TASK TO COMPLETE: Please give the lines below again exactly as they stand, from the one that contains "Denise-Dilara" up to and including the one that contains "Уже вечером Ubisoft", leaving all pictures out.

** RECORDS FOR THIS EXERCISE follows **

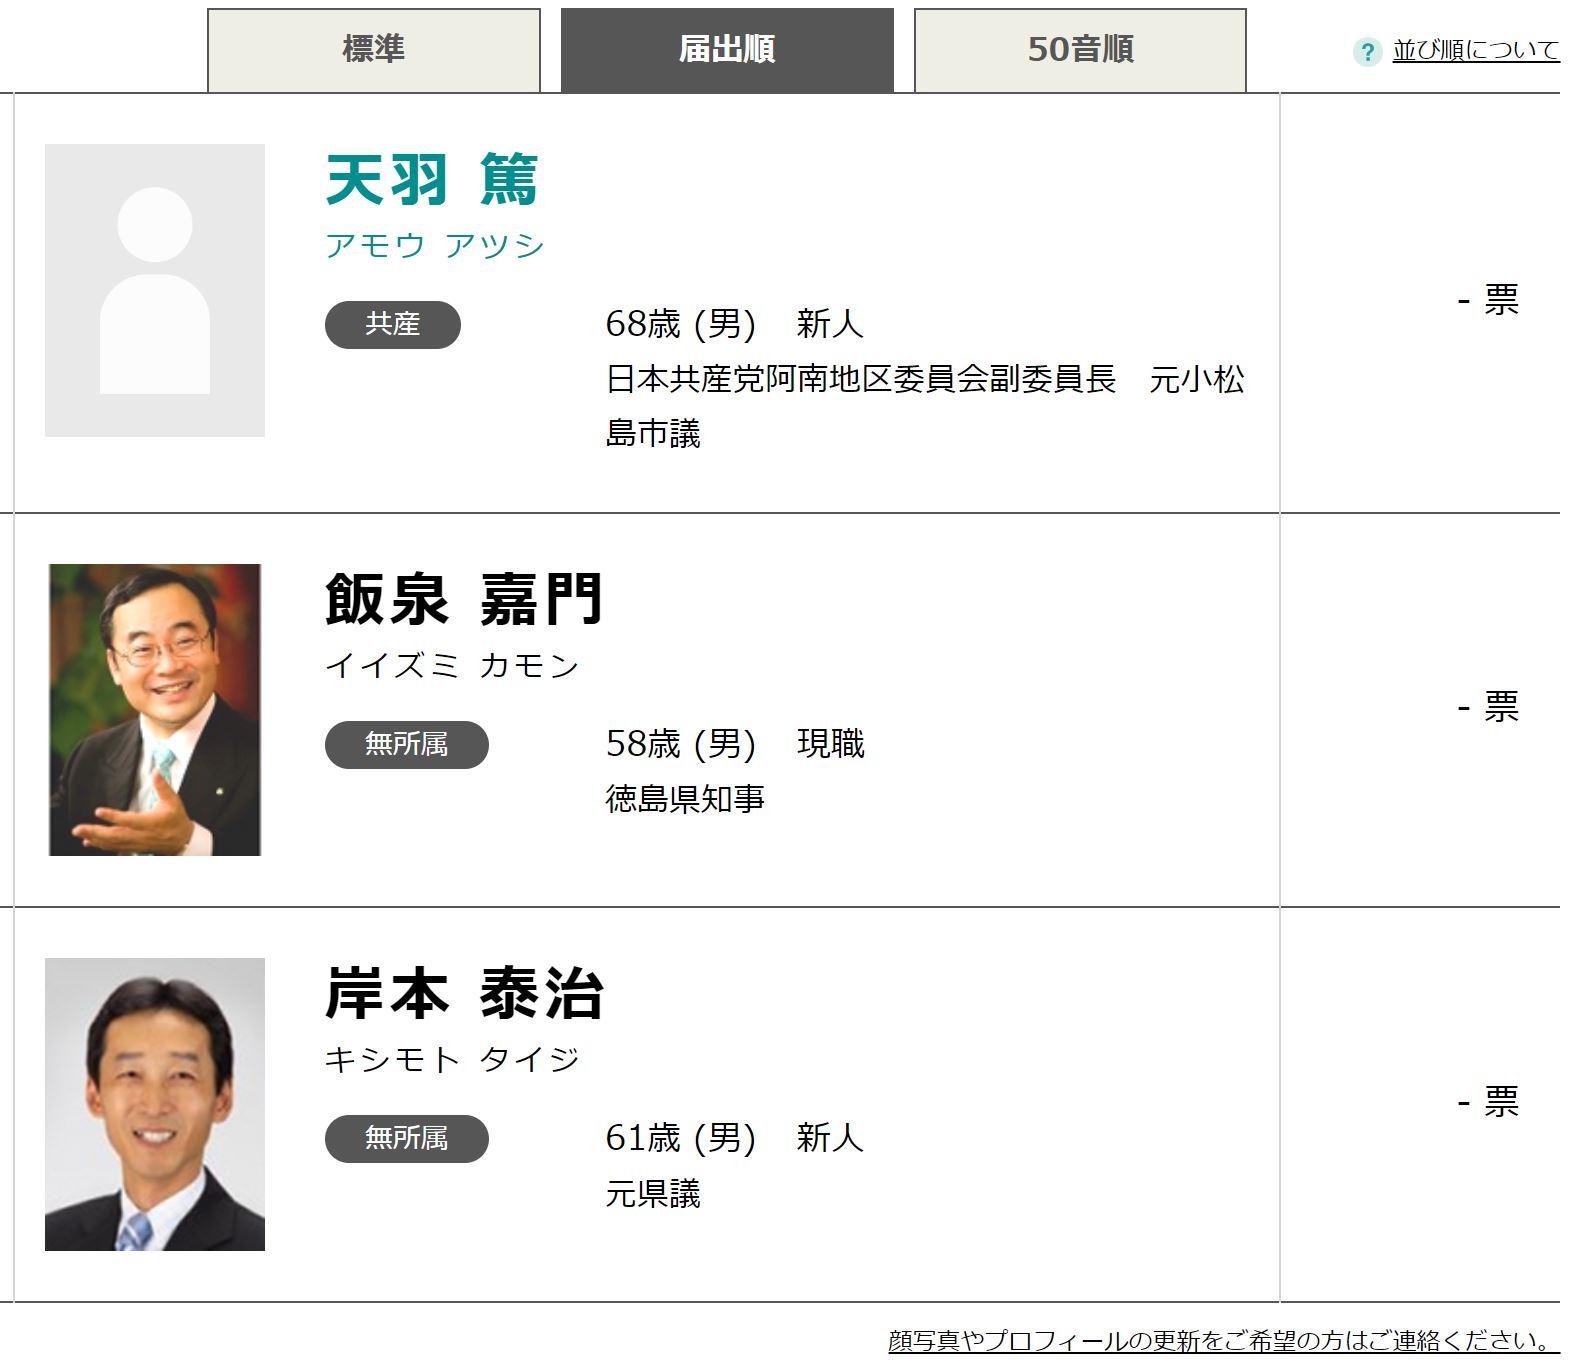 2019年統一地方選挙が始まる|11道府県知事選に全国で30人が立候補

** End of RECORDS FOR THIS EXERCISE **
** RECORDS FOR THIS EXERCISE follows **

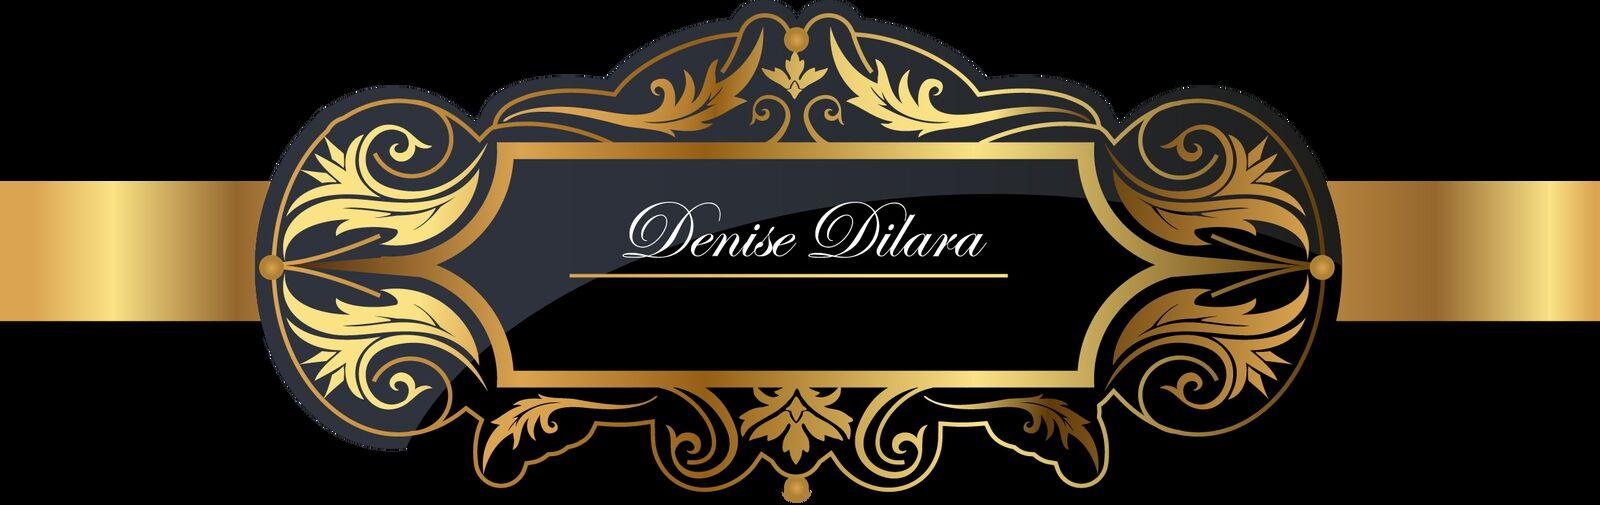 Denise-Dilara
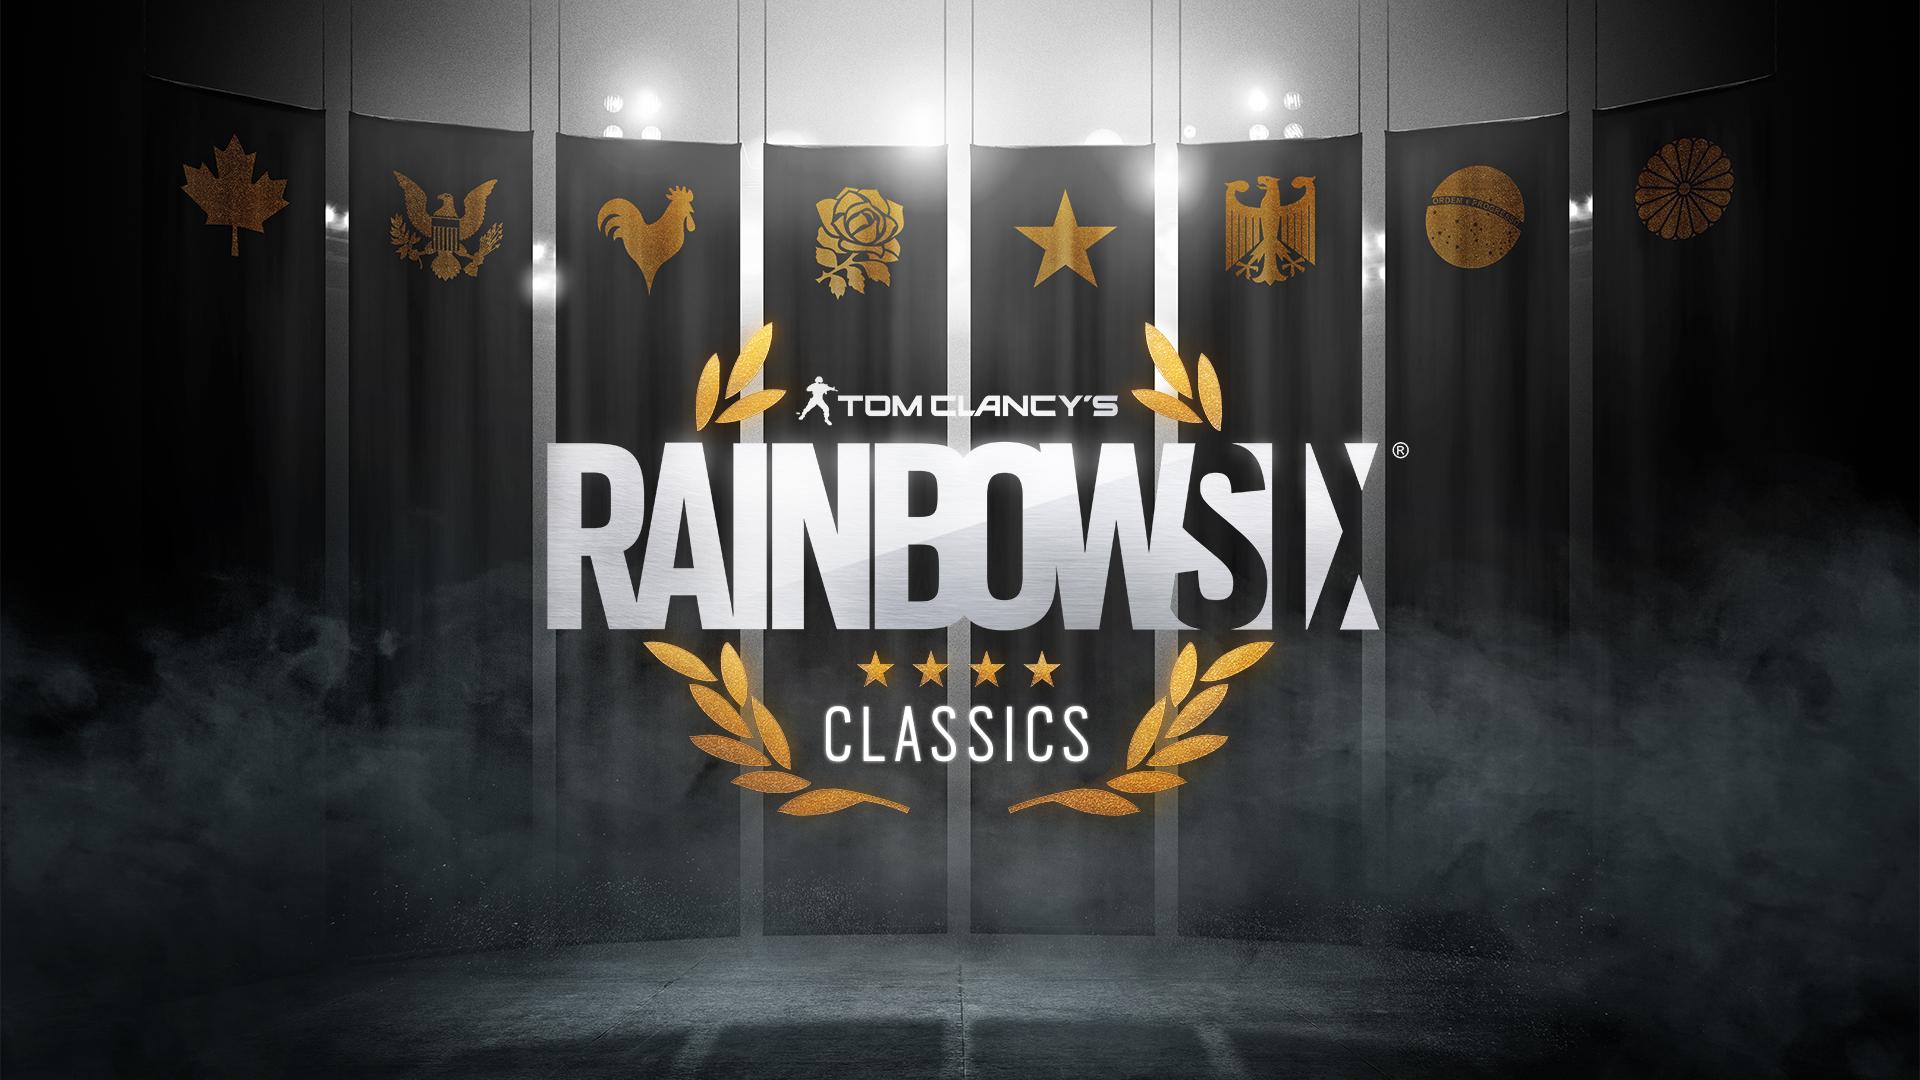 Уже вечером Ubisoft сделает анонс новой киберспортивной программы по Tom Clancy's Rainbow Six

** End of RECORDS FOR THIS EXERCISE **
** RECORDS FOR THIS EXERCISE follows **

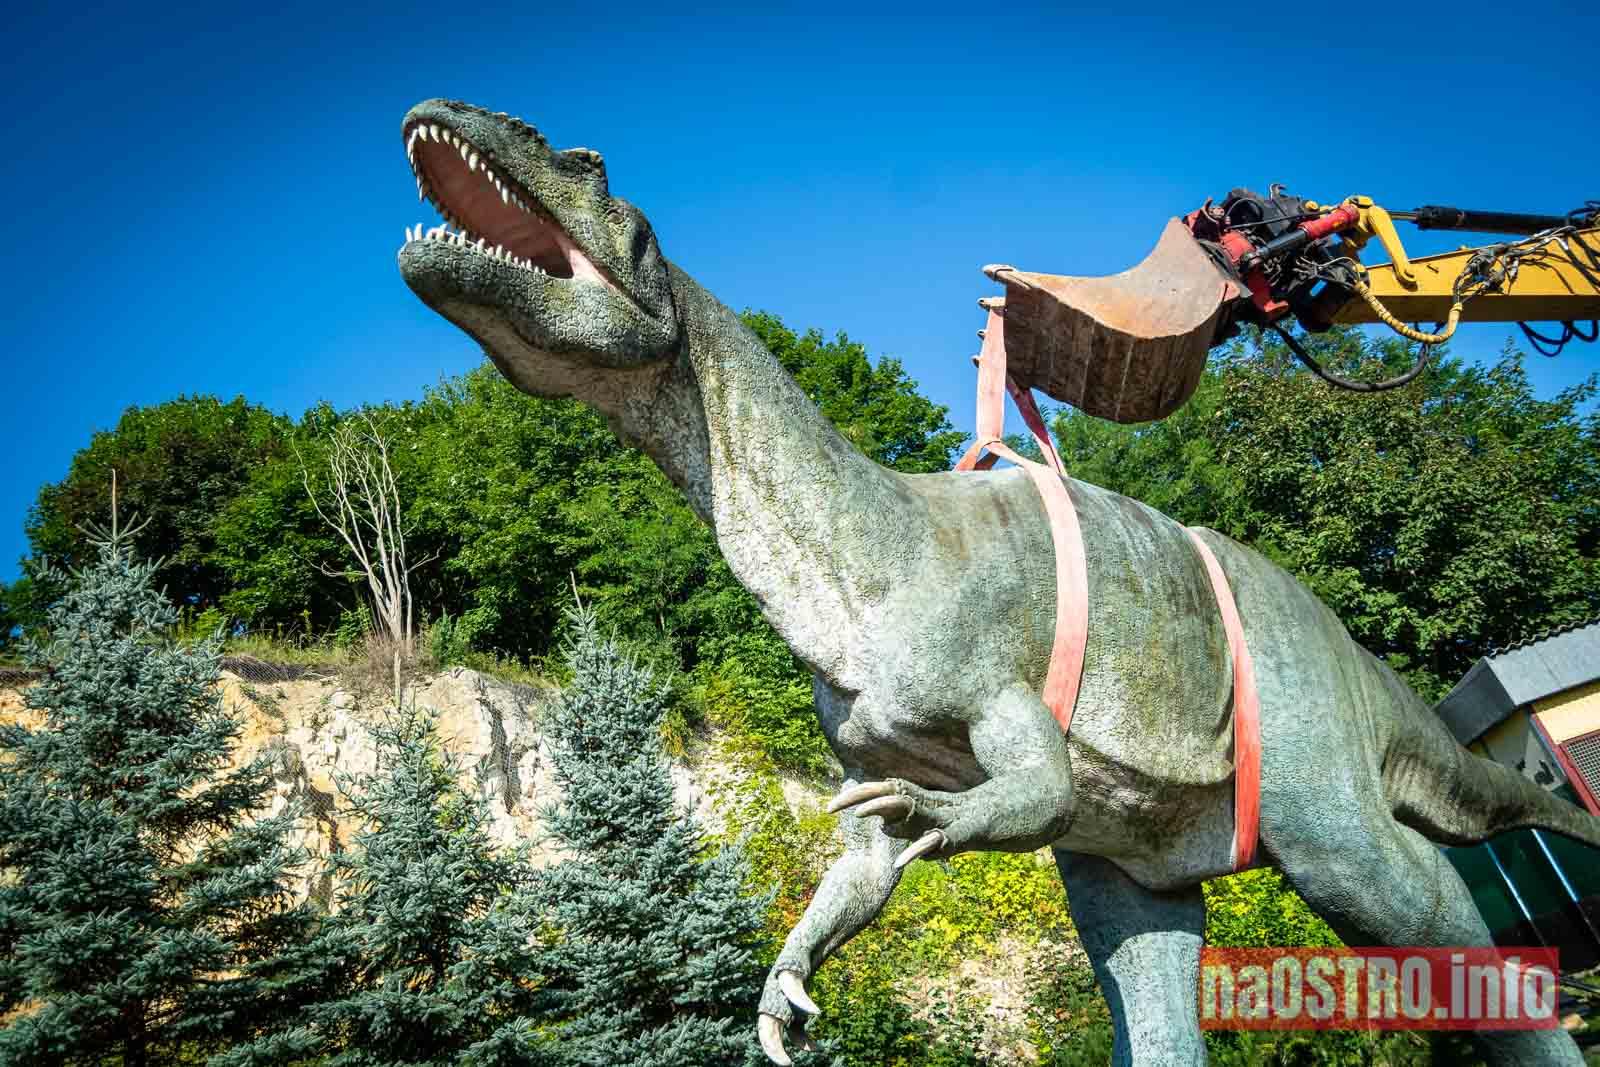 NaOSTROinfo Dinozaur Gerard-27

** End of RECORDS FOR THIS EXERCISE **

TASK SOLUTION:
 Denise-Dilara
 Уже вечером Ubisoft сделает анонс новой киберспортивной программы по Tom Clancy's Rainbow Six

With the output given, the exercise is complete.